Instructions to follow: Begin at the line below that has "Cyber security: 3". Stop after the line that has "Relevance of mattress covers", repeating each line exactly and leaving out the pictures.

Input data:
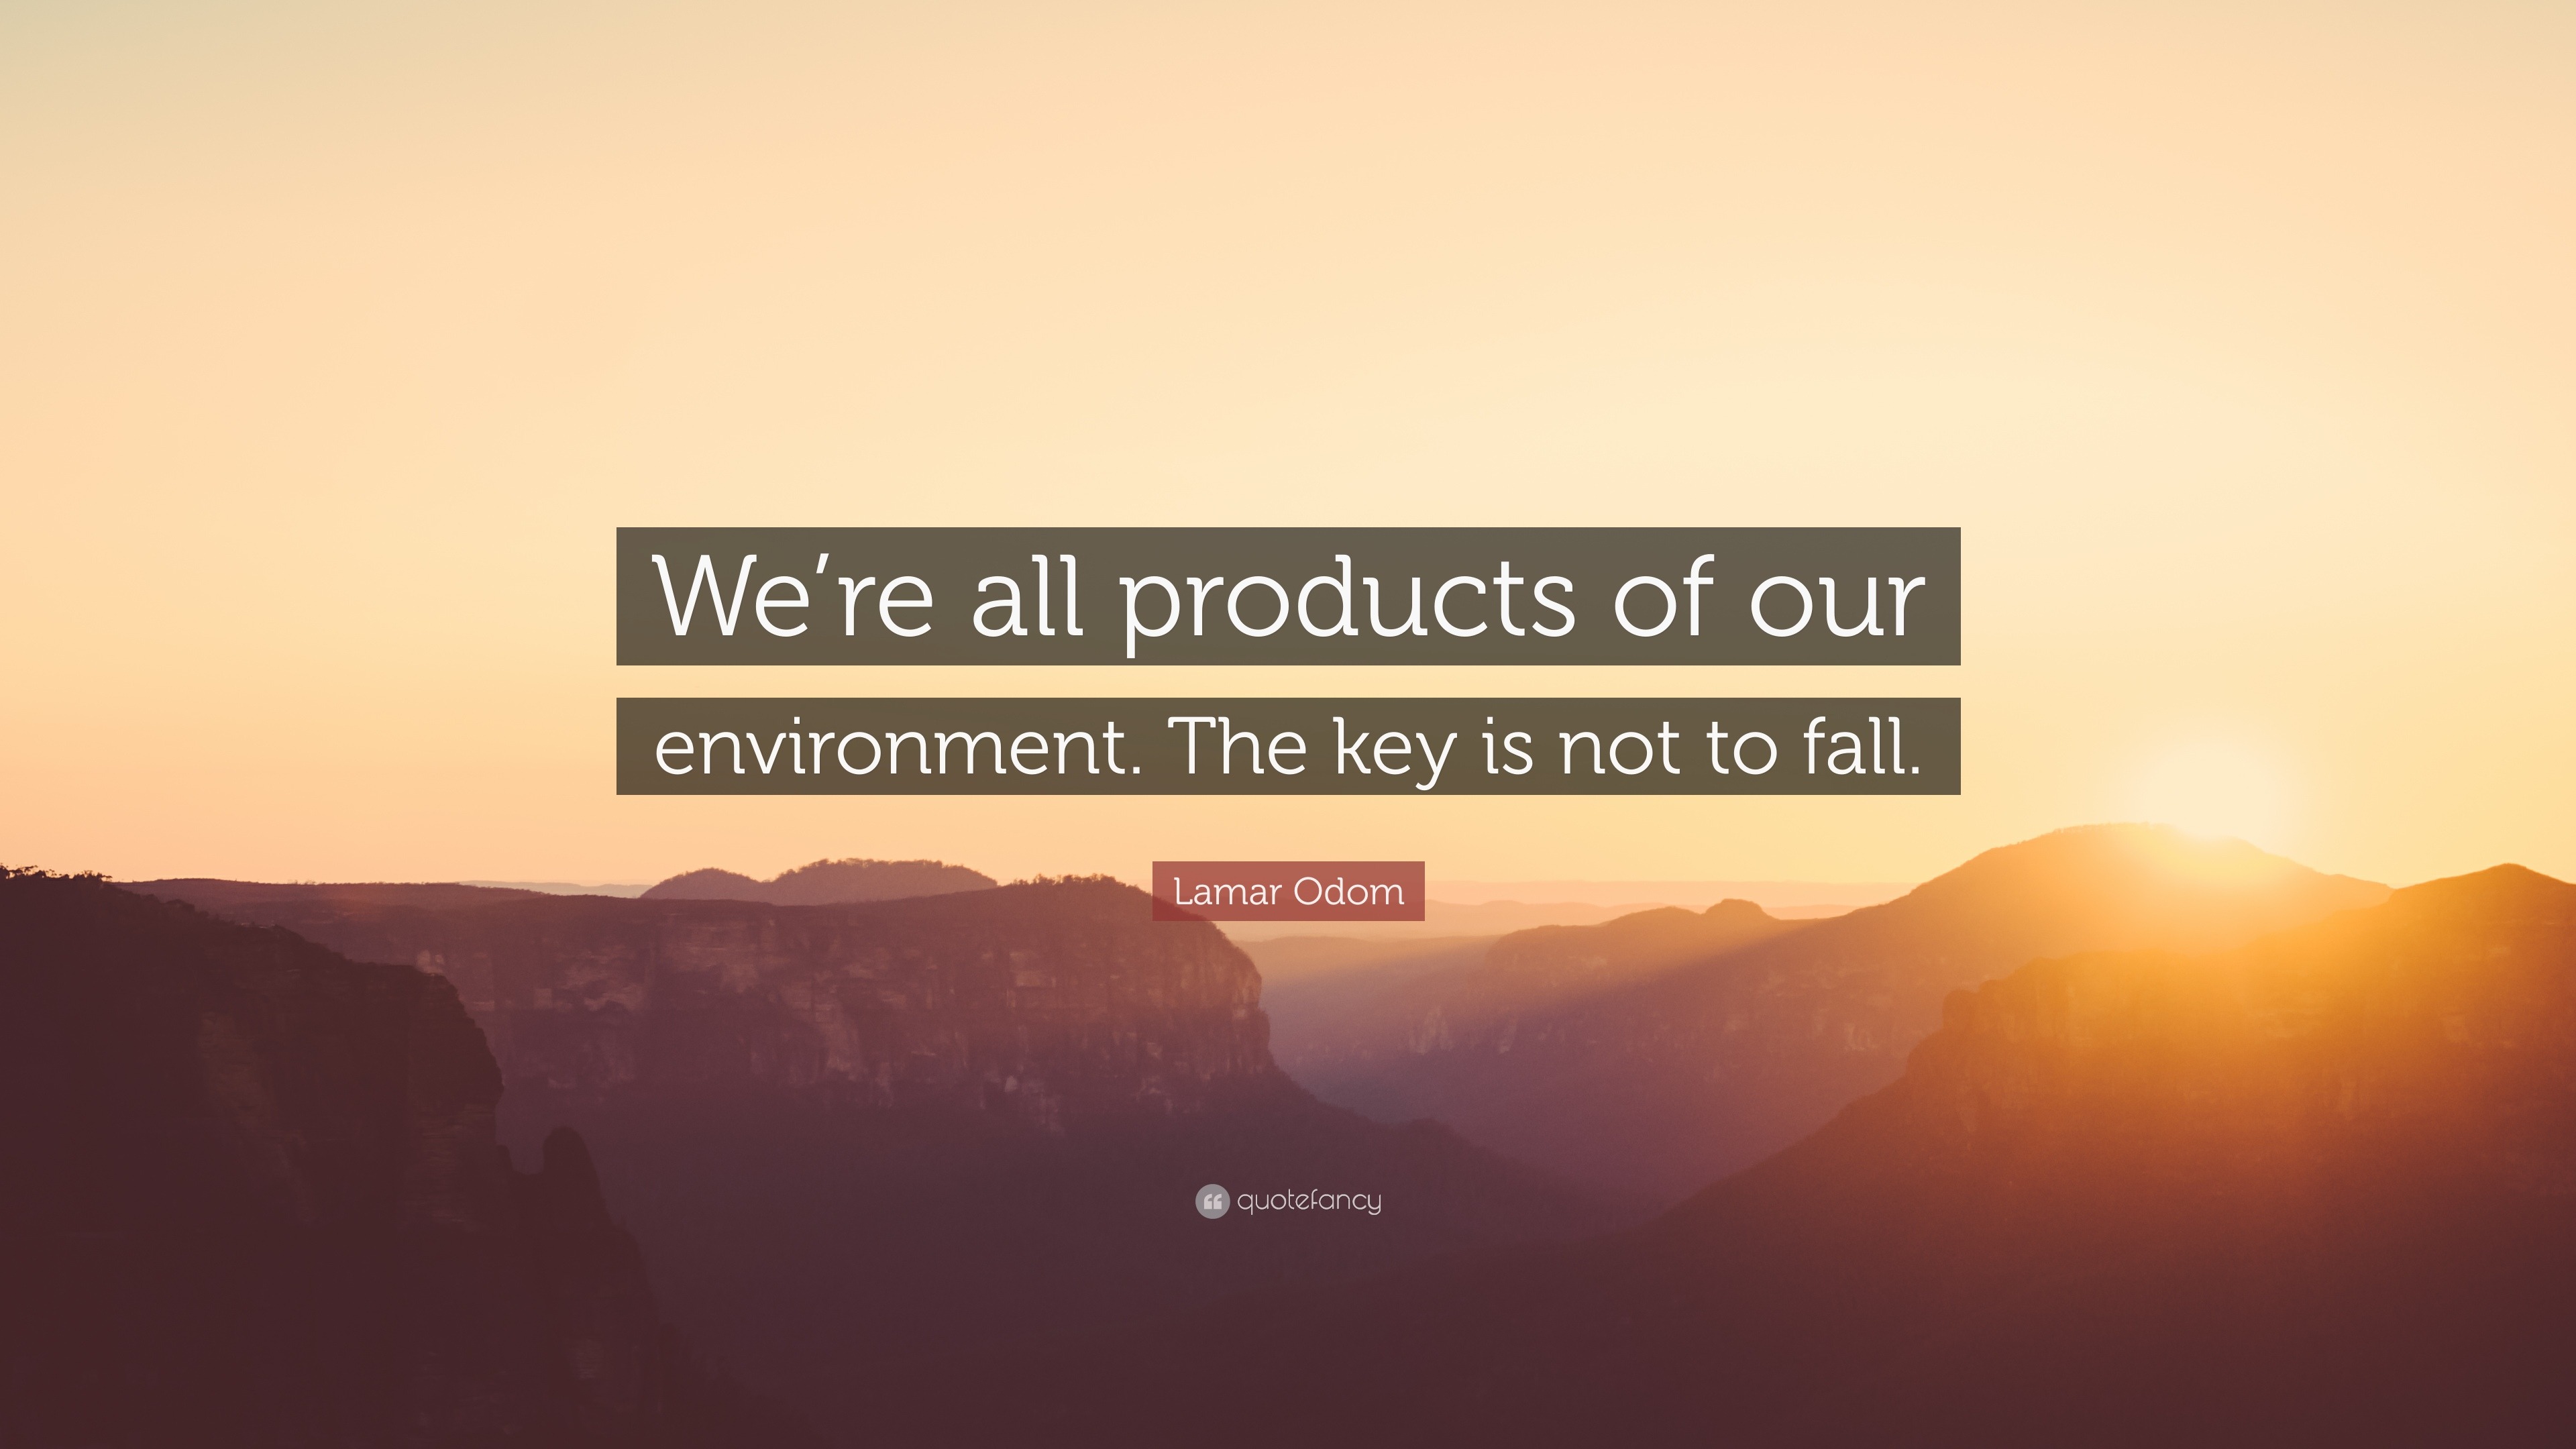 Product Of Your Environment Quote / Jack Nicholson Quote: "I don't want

==

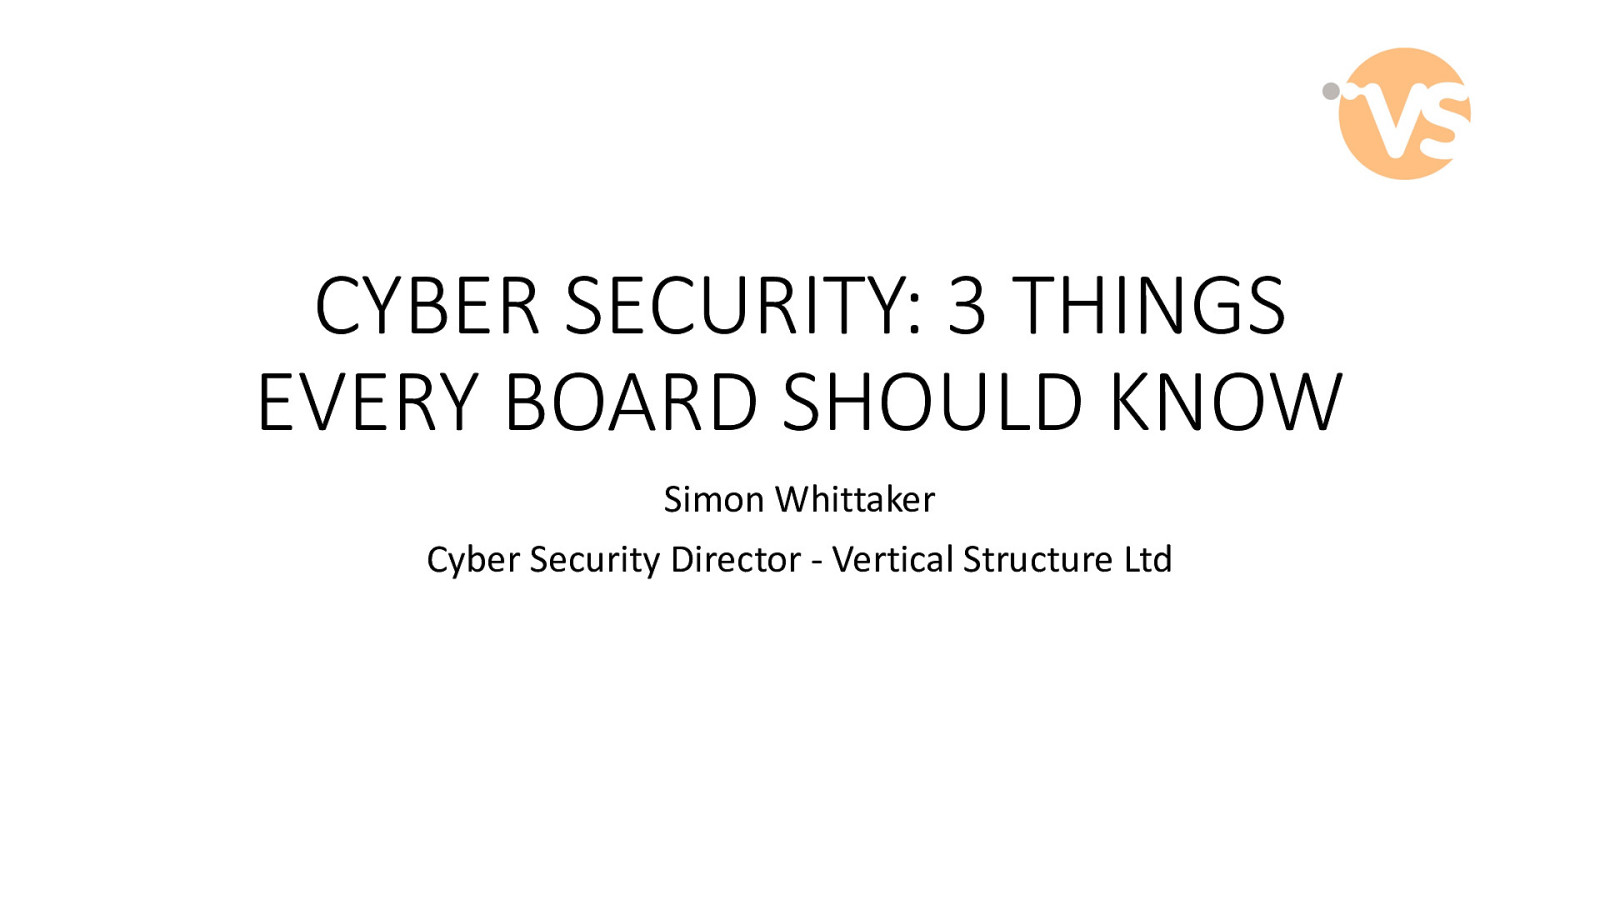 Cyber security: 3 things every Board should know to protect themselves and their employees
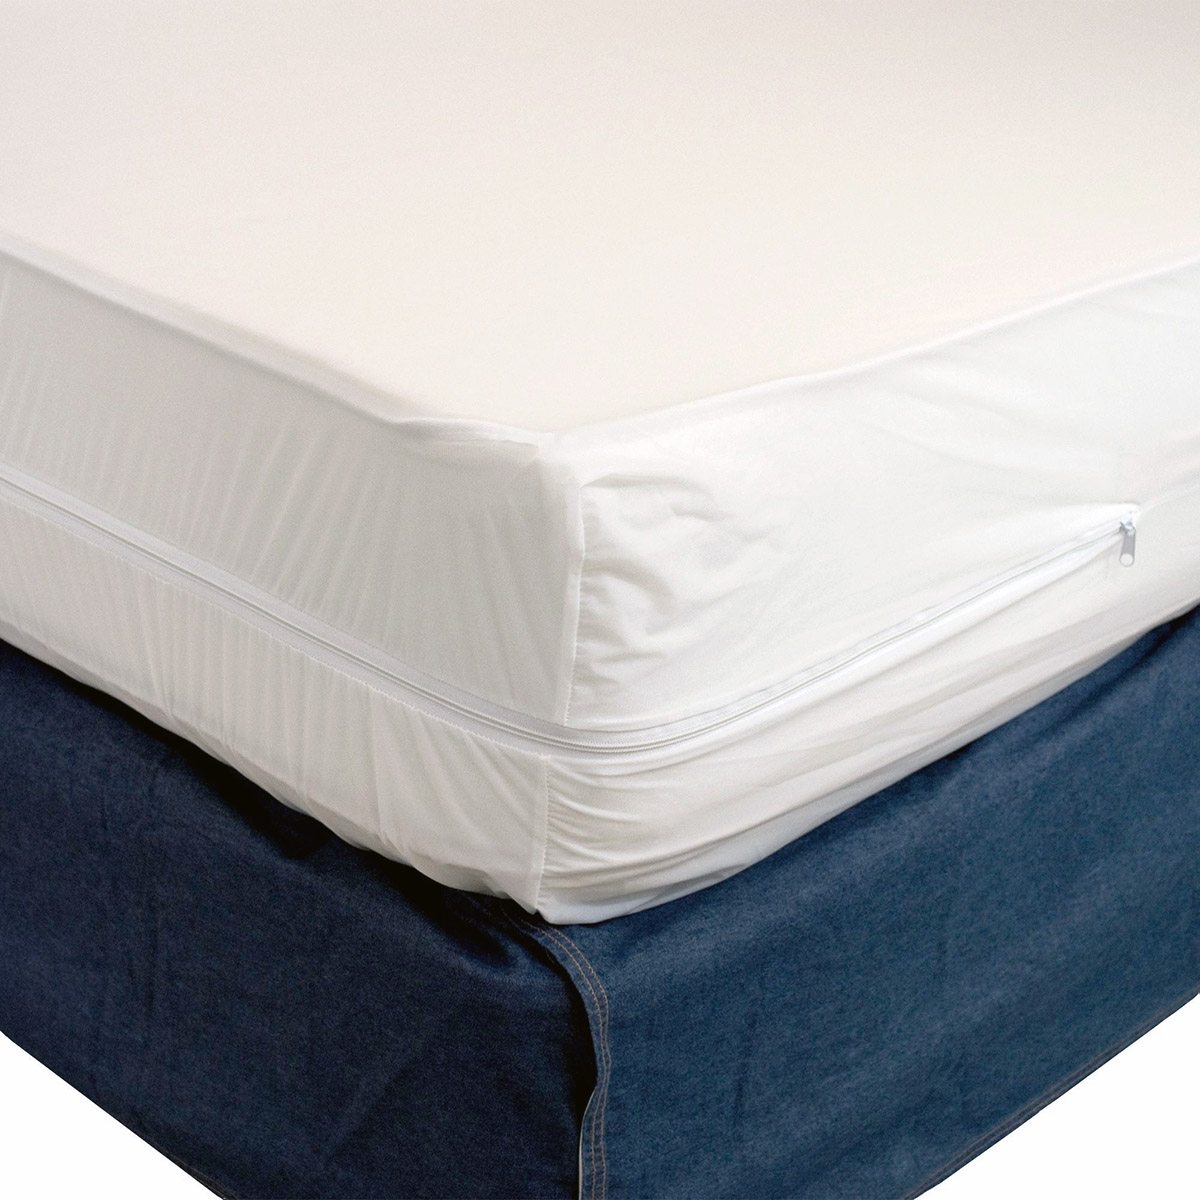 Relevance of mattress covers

Solution to this problem:
 Cyber security: 3 things every Board should know to protect themselves and their employees
 Relevance of mattress covers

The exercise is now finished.